┌─ Material provided

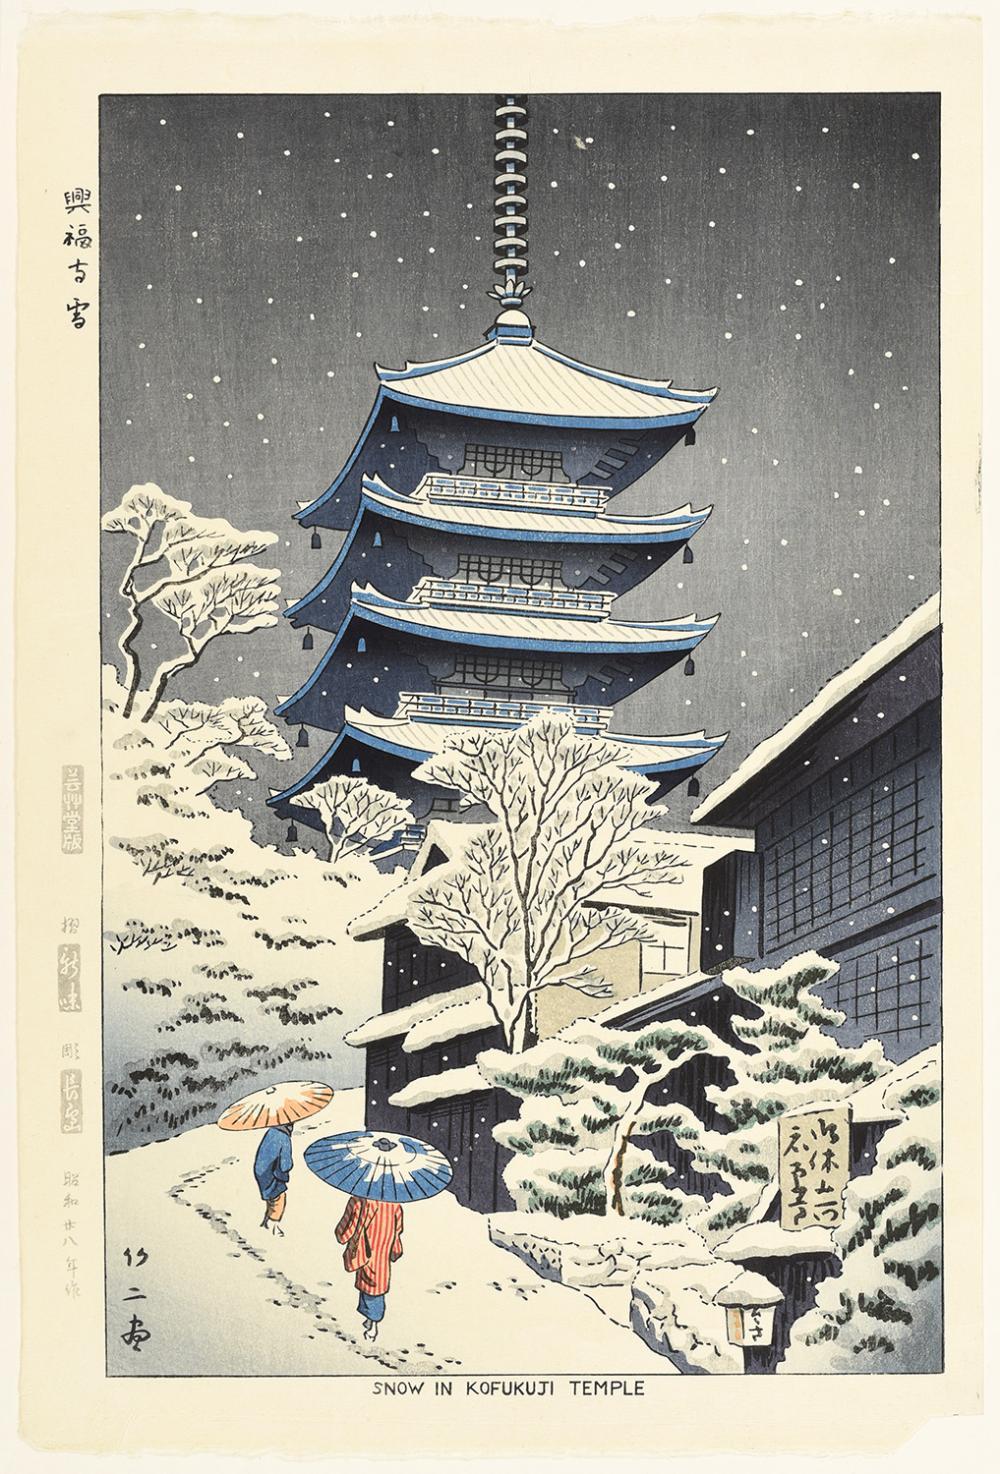 Takeji Asano (Japanese, b. 1900), Snow at Kofukuji Temple, woodblock print on paper
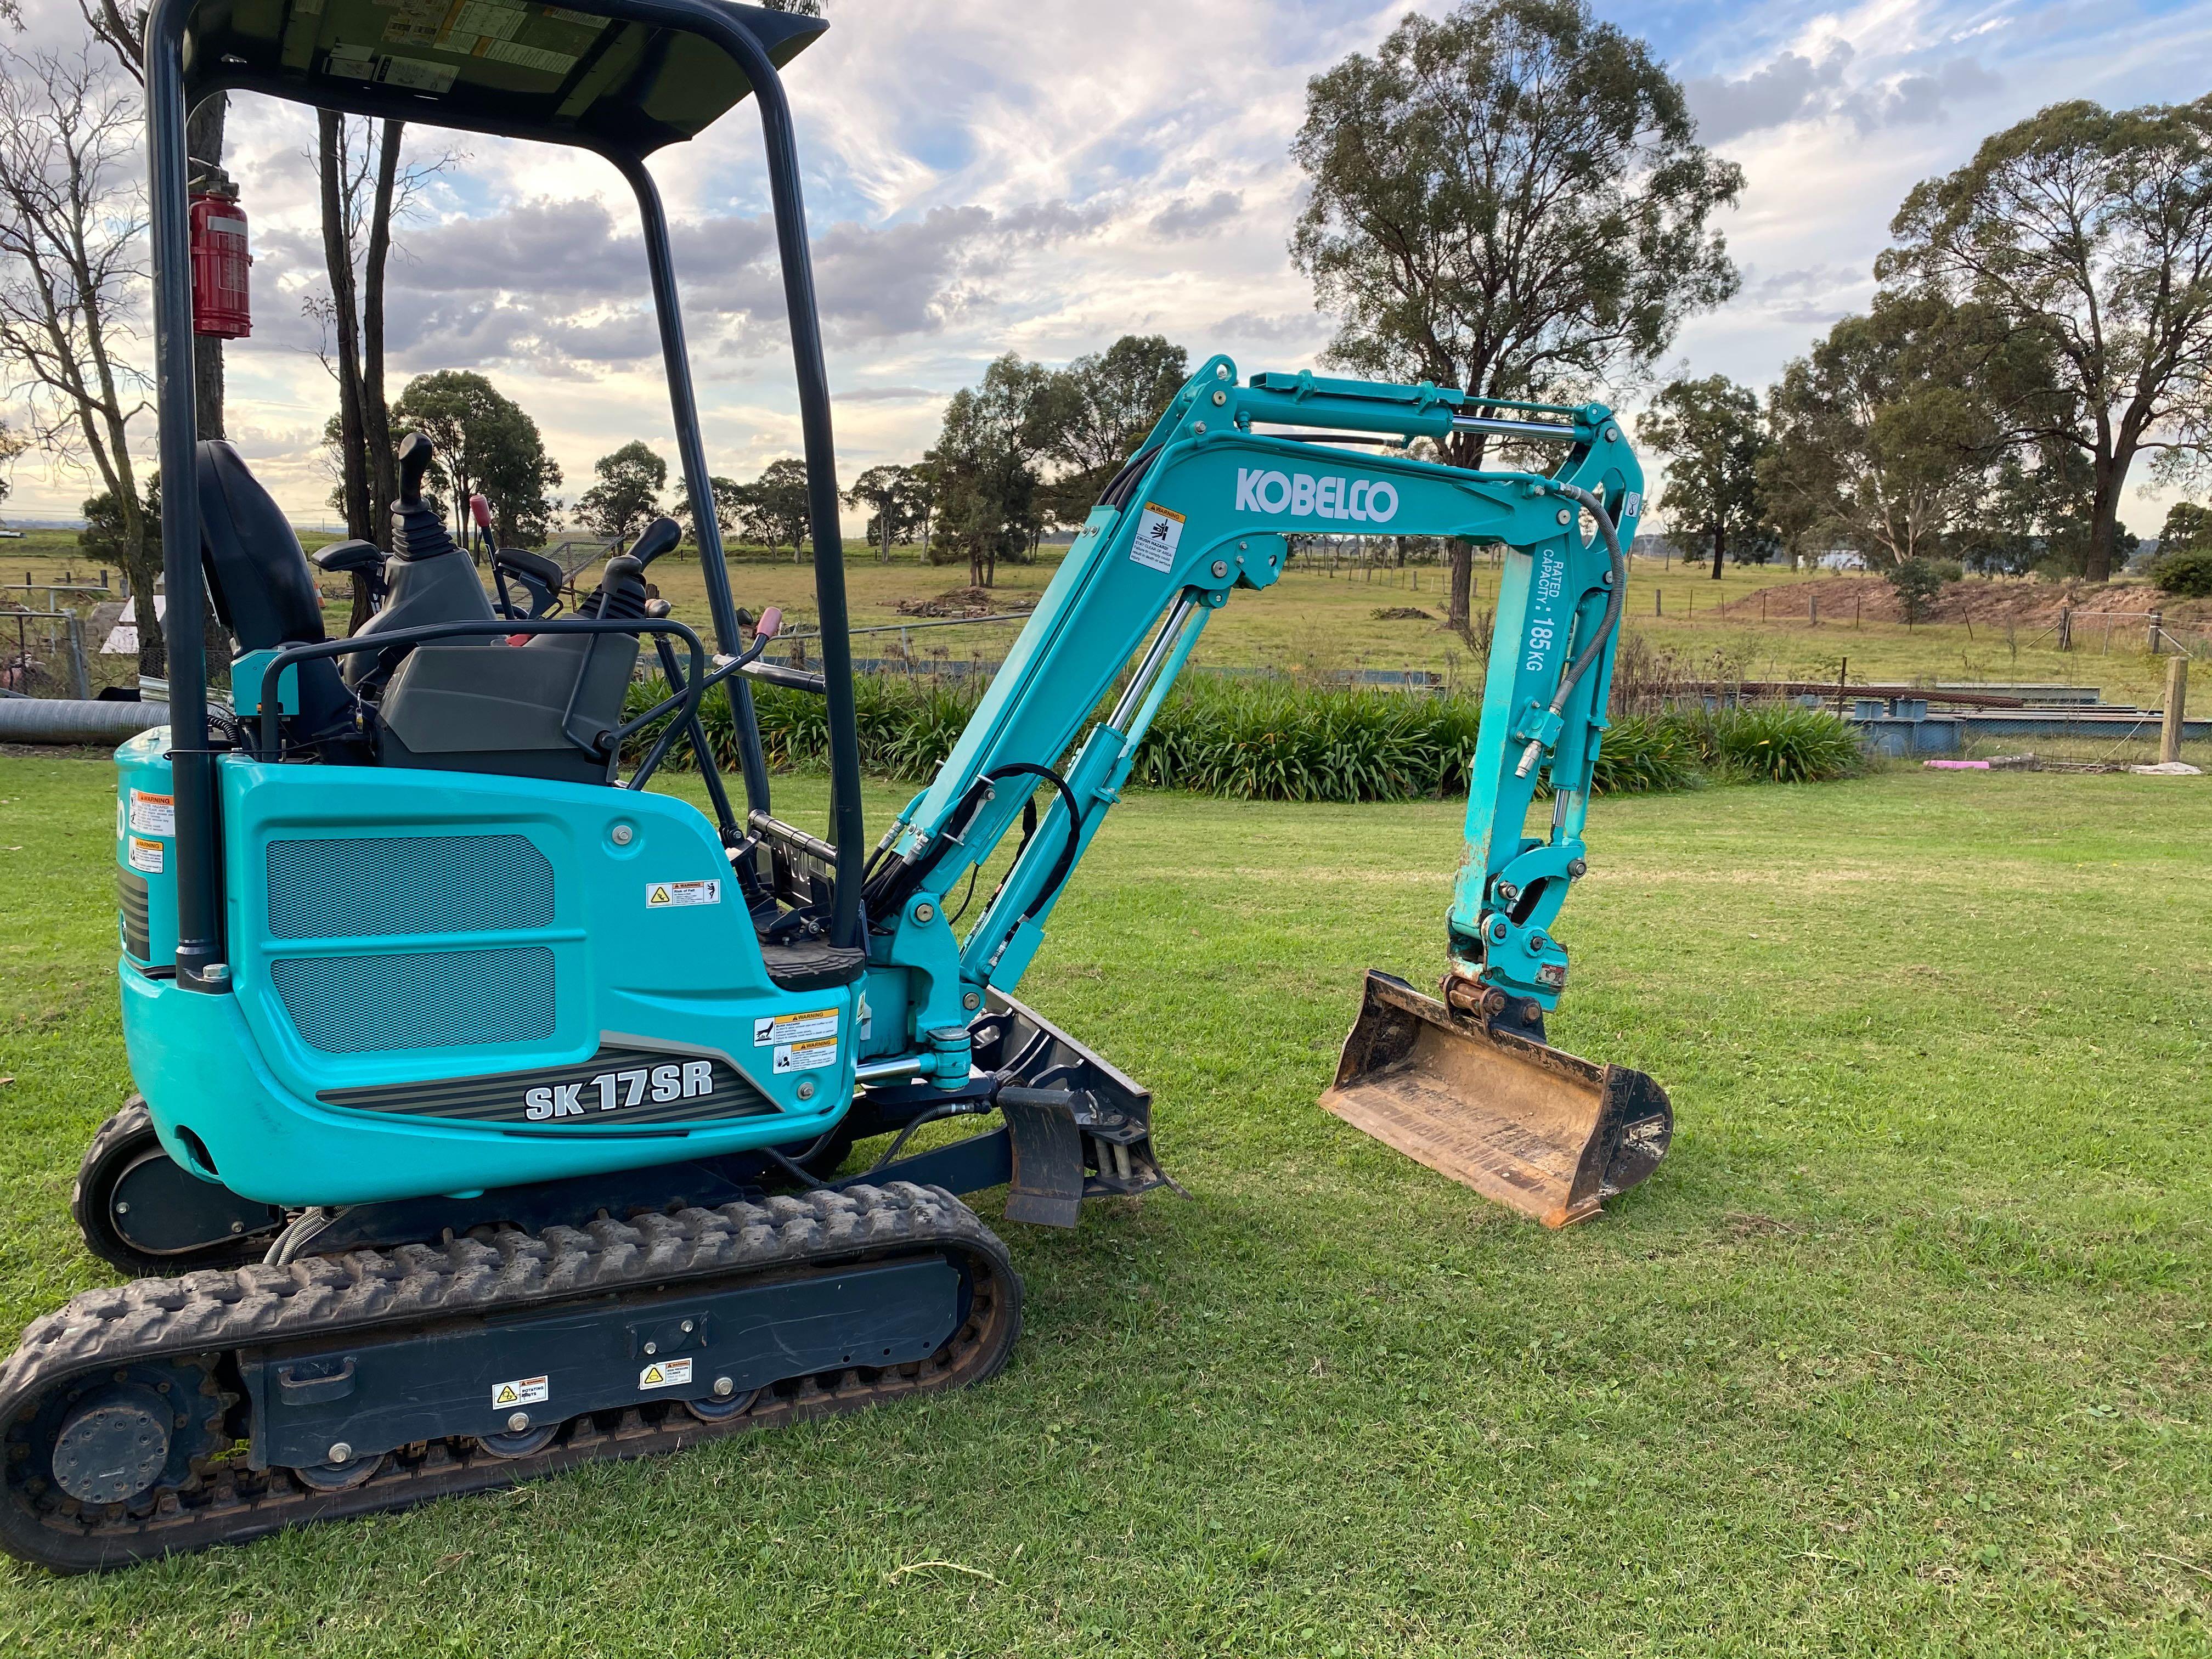 Hire Mini Excavator 1.7Tonne Digga With Hydraulic Hitch
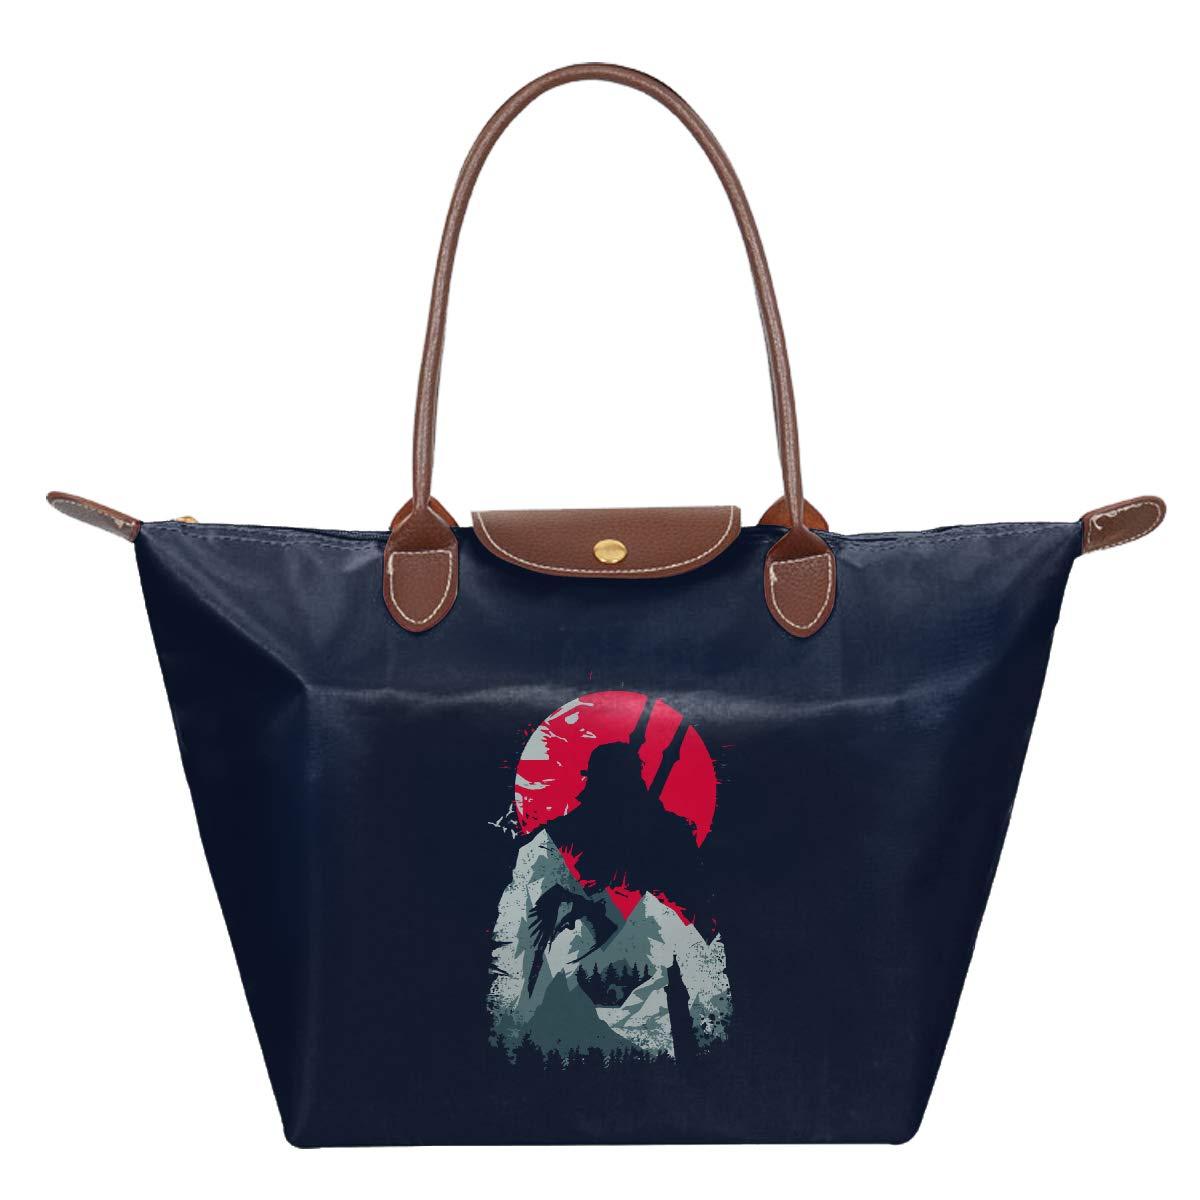 Witcher Wild Wonder Sun Mountain Silhouette Waterproof Leather Folded Messenger Nylon Bag Travel Tote Hopping Folding School Handbags

└─

**What you should do:**
Transcribe the whole listing above exactly and leave out the pictures.

**Response area:**
 Takeji Asano (Japanese, b. 1900), Snow at Kofukuji Temple, woodblock print on paper
 Hire Mini Excavator 1.7Tonne Digga With Hydraulic Hitch
 Witcher Wild Wonder Sun Mountain Silhouette Waterproof Leather Folded Messenger Nylon Bag Travel Tote Hopping Folding School Handbags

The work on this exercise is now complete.